Instructions to follow —
Repeat every line that appears below, with nothing altered.

Source data —
····················

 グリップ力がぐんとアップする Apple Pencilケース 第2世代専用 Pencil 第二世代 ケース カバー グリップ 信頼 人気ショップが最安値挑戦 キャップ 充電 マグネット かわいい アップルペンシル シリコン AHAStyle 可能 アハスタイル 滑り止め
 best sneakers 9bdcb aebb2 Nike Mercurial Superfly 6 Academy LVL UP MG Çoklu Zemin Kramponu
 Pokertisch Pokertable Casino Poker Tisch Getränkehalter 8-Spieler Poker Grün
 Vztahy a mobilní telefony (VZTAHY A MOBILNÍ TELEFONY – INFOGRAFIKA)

····················

Answer for the task —
 グリップ力がぐんとアップする Apple Pencilケース 第2世代専用 Pencil 第二世代 ケース カバー グリップ 信頼 人気ショップが最安値挑戦 キャップ 充電 マグネット かわいい アップルペンシル シリコン AHAStyle 可能 アハスタイル 滑り止め
 best sneakers 9bdcb aebb2 Nike Mercurial Superfly 6 Academy LVL UP MG Çoklu Zemin Kramponu
 Pokertisch Pokertable Casino Poker Tisch Getränkehalter 8-Spieler Poker Grün
 Vztahy a mobilní telefony (VZTAHY A MOBILNÍ TELEFONY – INFOGRAFIKA)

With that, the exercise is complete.